Sebodoh itukah dirimu Ariel?!
Ariel tersenyum sok polos. "I-iya. Ariel belajar dari Dalila." Maaf kakak pelayan, pinjam namamu sebentar.
"Senangnya. Sekarang Ariel sudah bisa belajar mandiri." Mama menepuk tangan bahagia. Raut wajahnya luar biasa berbunga ketimbang mendengar anaknya akan bertunangan dengan pangeran.
Tolong hentikan.
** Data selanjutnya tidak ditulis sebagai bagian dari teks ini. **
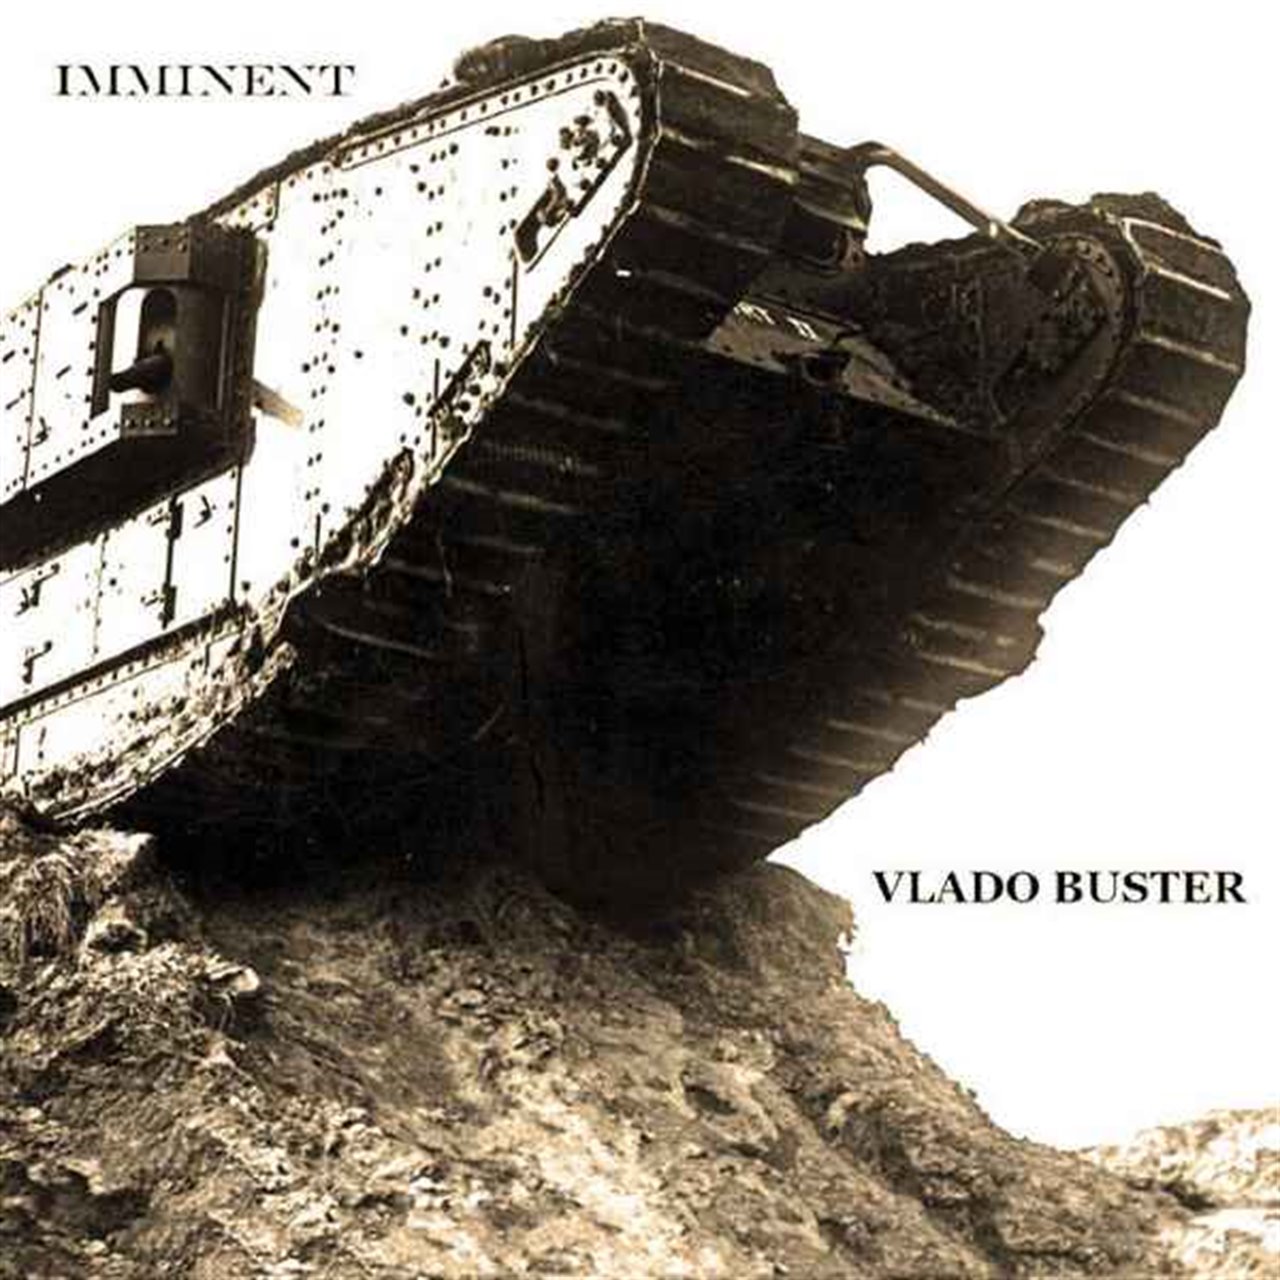 VLADO BUSTER - Imminent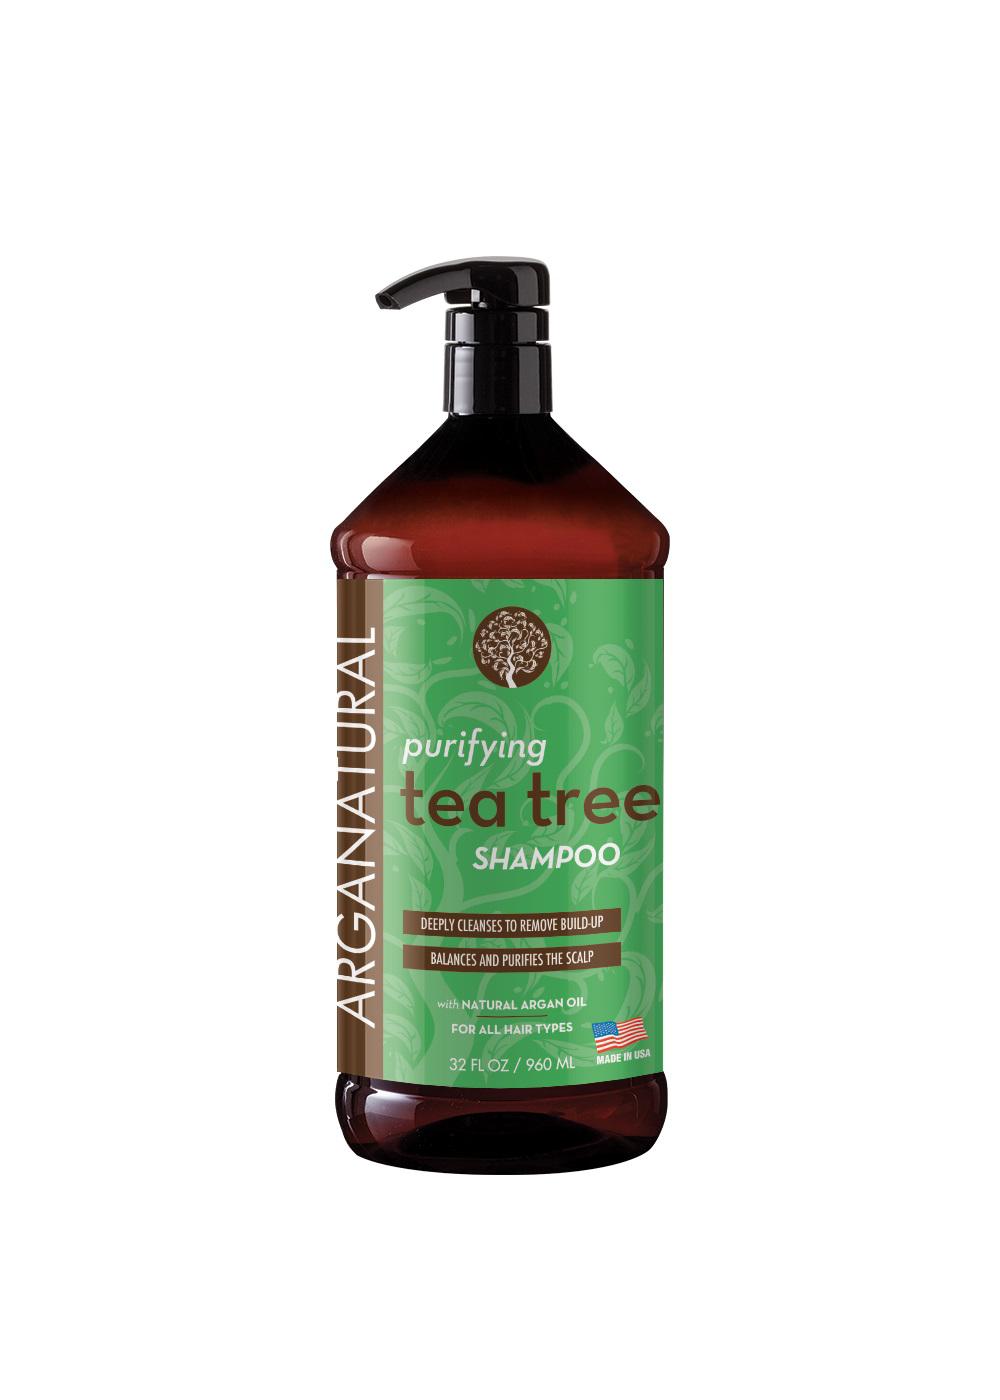 Arganatural Scalp Health Tea Tree Shampoo; image 1 of 2

Jangan buat Ariel merasa menjadi manusia paling tidak berguna yang memenuhi dunia.
Tapi ngomong-ngomong, dimana iblis berkedok pangeran tampan itu?
"Duke Marshwan."
Datang!
Seorang pria, tinggi, berwibawa turun dari tangga emas. Berjalan diatas karpet merah dan memancarkan kekuasaannya.
Raja Louise menapaki kakinya ditangga terakhir. Kontan kedua orangtuanya menunduk hormat, Ariel mengikuti dengan nafas panjang-pendek. Sekilas matanya bersirobok dengan iris kelam menyeramkan.
"Salam matahari dan bulan untuk anda, Yang Mulia. Senang bertemu dengan anda lagi."
"Aku juga senang bertemu dengan kau lagi, Zeron. Jangan terlalu kaku padaku."
Ugh. Karena mereka berteman sejak kecil, Raja Louise dan Ayah seperti saudara. Itulah mengapa, Raja oke-oke saja anaknya menerima permitaan pertunangan Ariel.
"Halo, Ariel. Sudah lama tidak bertemu. Kudengar kau jatuh dari tangga, apa sekarang sudah membaik?"
Kuharap aku terjatuh sampai pertunangan ini dibatalkan. "Y-ya, Yang Mulia. Saya baik-baik saja. Terimakasih karena sudah mengkhawatirkan saya." Anak baik, Ariel. Anak baik. Ariel ingin lari sekarang juga.
KAMU SEDANG MEMBACA
Who Made Me a Villain
Fantasy[SEBAGIAN CHAPTER DI PRIVATE, HARAP FOLLOW SEBELUM MEMBACA] [SUDAH TERBIT] Ariel Marshwan. Antagonis wanita dalam novel percintaan berjudul Love Revolusion yang berujung menjemput ajal karena dosa-dosanya. Dosanya yang pertama, mengganggu protagoni...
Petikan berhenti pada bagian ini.